Bioinformatics Data Skills, BDS by Vince Buffalo. HIGHLY RECOMMENDED, and we have free access through the McMaster library This book fills an important gap in that is oriented towards the day to day skills for anyone working in the fields of genomics and bioinformatics. In addition to covering the basic UNIX skills (and why we use UNIX in bioinformatics and genomics), it also covers subjects like overviews of the essential file types (.fasta
, .fastq
, .gff
, etc) that are ubiquitous in the field. There is also a nice, but brief introduction to the essentials of R
, using bioconductor and in particular range data, and two important chapters on how to organizing (and maximize reproducibility) of computational projects. The author wrote this in their first year of graduate school, so definitely worth supporting them!
Computing Skills for Biologists: A toolbox, by Stefano Allesina and Madlen Wilmes. HIGHLY RECOMMENDED, and we have free access through the McMaster library. This book provides a nice, gentle introduction to the basic computational skills all biologists should have. In particular, with introduction to using the UNIX command line, shell scripting, basic python
programming, regular expressions, working on remote machines and a few other topics. The book is written to be agnostic with respect to discipline (i.e. it is not a bioinformatics book per se), but does a great job of being both very accessible and immediately useful. If you plan to continue in computational research, this is a fantastic resource.
R tutorials and screencasts. A link to the exercises, in-class activities, playlists for screencasts I have put together for the R
tutorials. I will also be putting assignments up here. I will be adding more as the semester progresses. Mostly we will be using the excellent Datacamp online interactive 'courses' for the introductory stuff, and moving on from there.
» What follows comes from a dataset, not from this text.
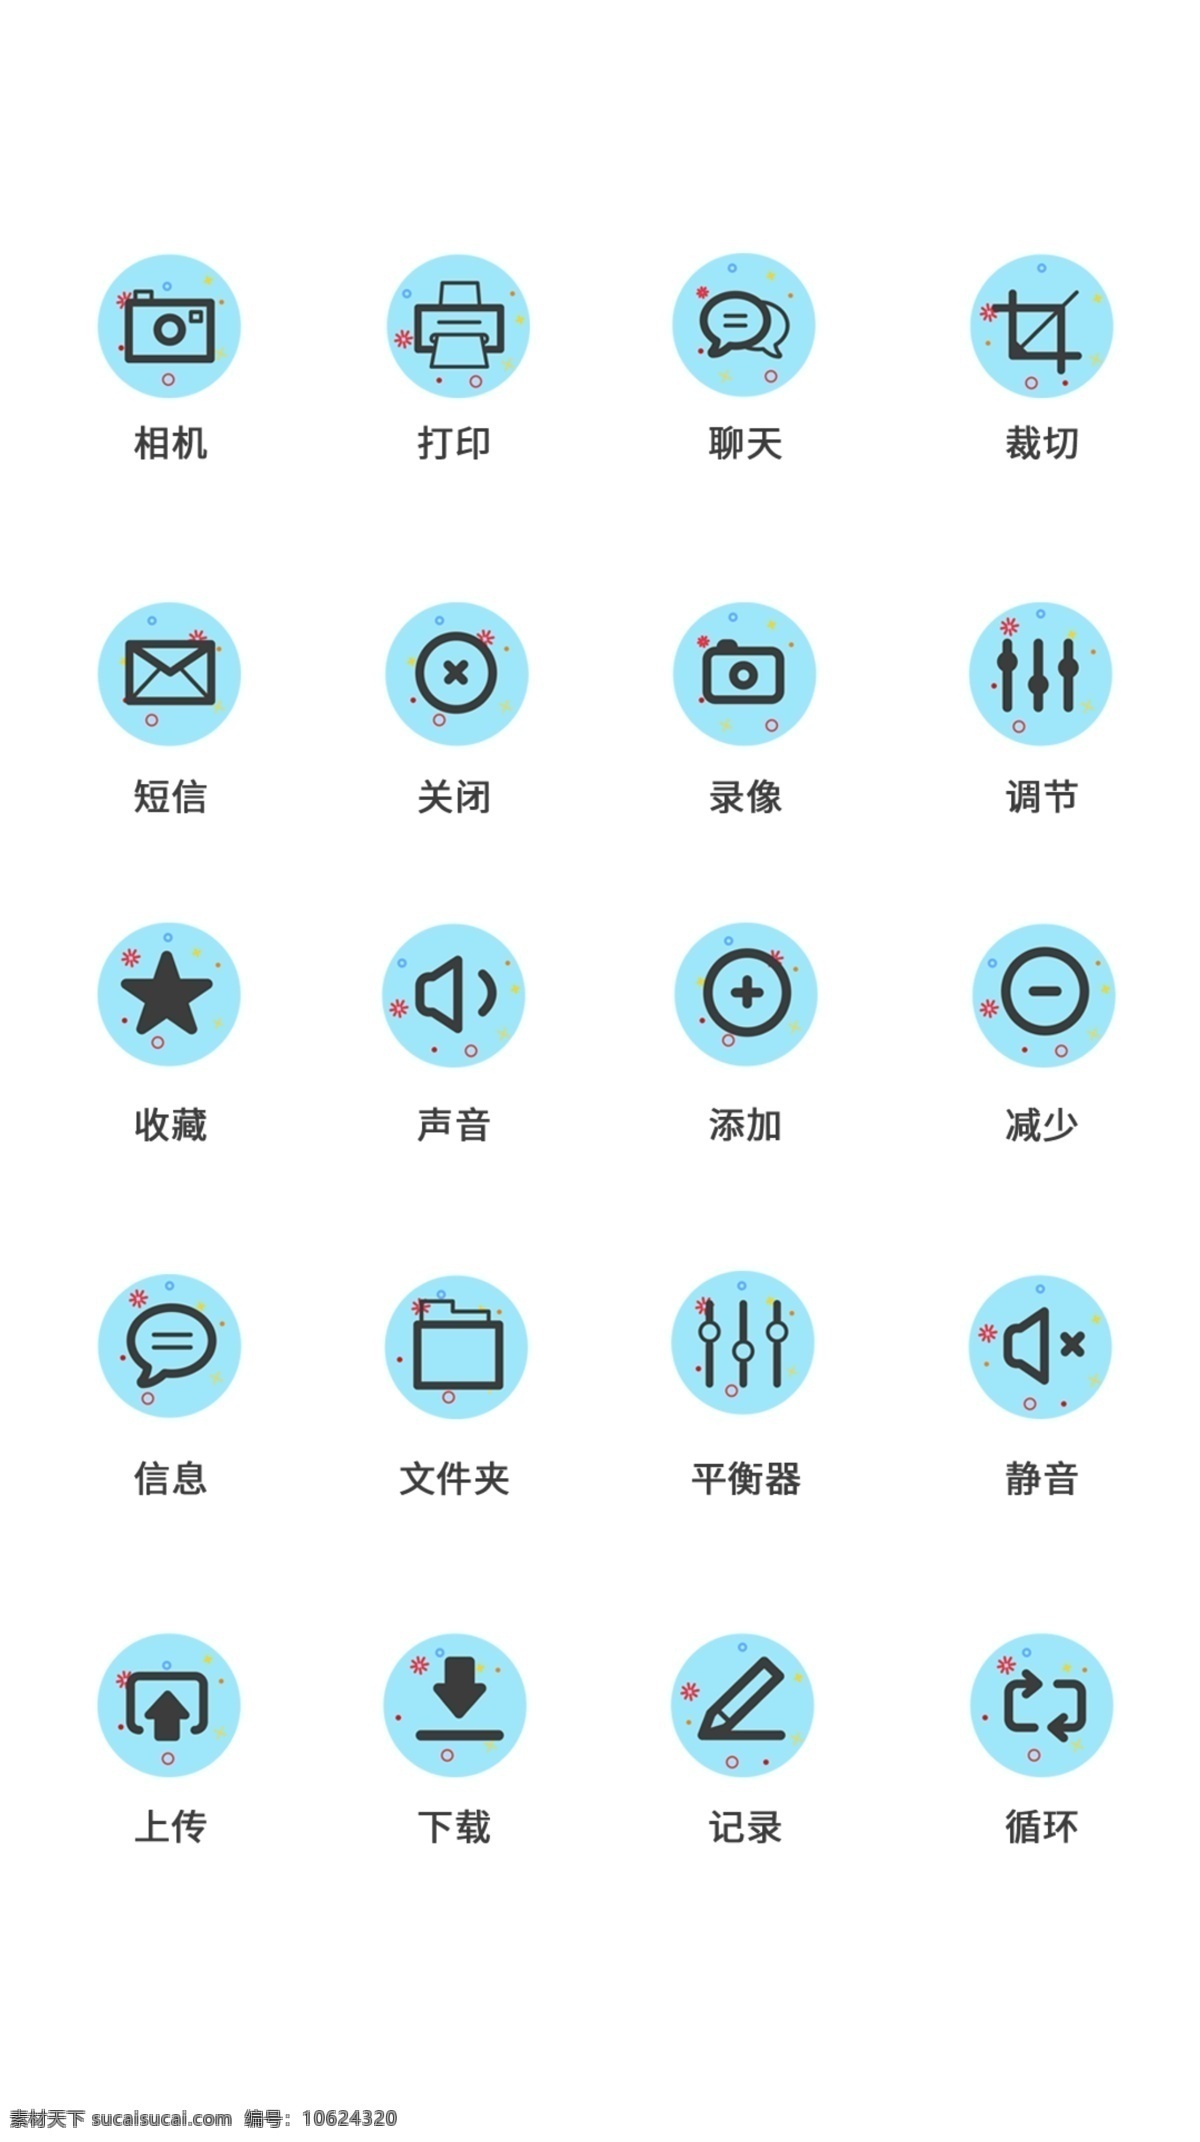 ui 工具 通用 icon 图标 图标icon 时尚图标 工具icon ui设计 icon设计 工具图标 ui设计图标 ui图标

For Brian's section. This will have pertinent links to Brian's section of the course.
Week 1 - BDS Chapter 1, Chapter 2 pages 21-30, Chapter 3 pages 37-45, Chapter 4 pages 57-59.
Also check out here for a review of organizing computational data analysis projects. You don't need to read about version control or using markdown yet.
Week 2 (Beginning R) - Start with DataCamp assignments (Courses Introduction To R and Intermediate R). Associated readings in BDS chapter 8 pages 175-206.
Week 3 - Chapter 3 pages 45 - 56, Chapter 7 125 - 156. Maybe also worth looking at pages 395 - 398 in Chapter 12.
Week 4 - (NOTE, regular expressions are now being done by Brian) Chapter 7 140-145, 157-169 might be really useful. I also recommend the first tutorial on regular expressions listed here. This takes you gently through regular expressions and within an hour you will realize what amazing things you can do.
Week 5 - Plotting..
Week 6 - For more information on some of the basic file types used in genomics (.fastq, .SAM, .BAM) see chapter 10 (only 13 pages) and chapter 11 (pages 355-365) in BDS. I also suggest reading chapter 6 (pages 109-115).
Week 1:
Welcome to BIO720 - slides or markdown
Short introduction to reproducible research - slides or markdown
Time permitting some activities introducing R.
Week 2: Monday
-
Pseudo-code.
-
Working with data in R using your new skills.
-- You will want to be able to access this script to download the RNAseq data we will be playing with
Week 3:
PLEASE NOTE THE ROOM CHANGE for Monday, ETB 227
- Monday and Tuesday (control flow)
Week 4:
-
Monday (making and breaking functions, in class activity)
-
Tuesday, working with strings in
R
.
Week 5: Plotting
Week 6: bioconductor, and simulations (?)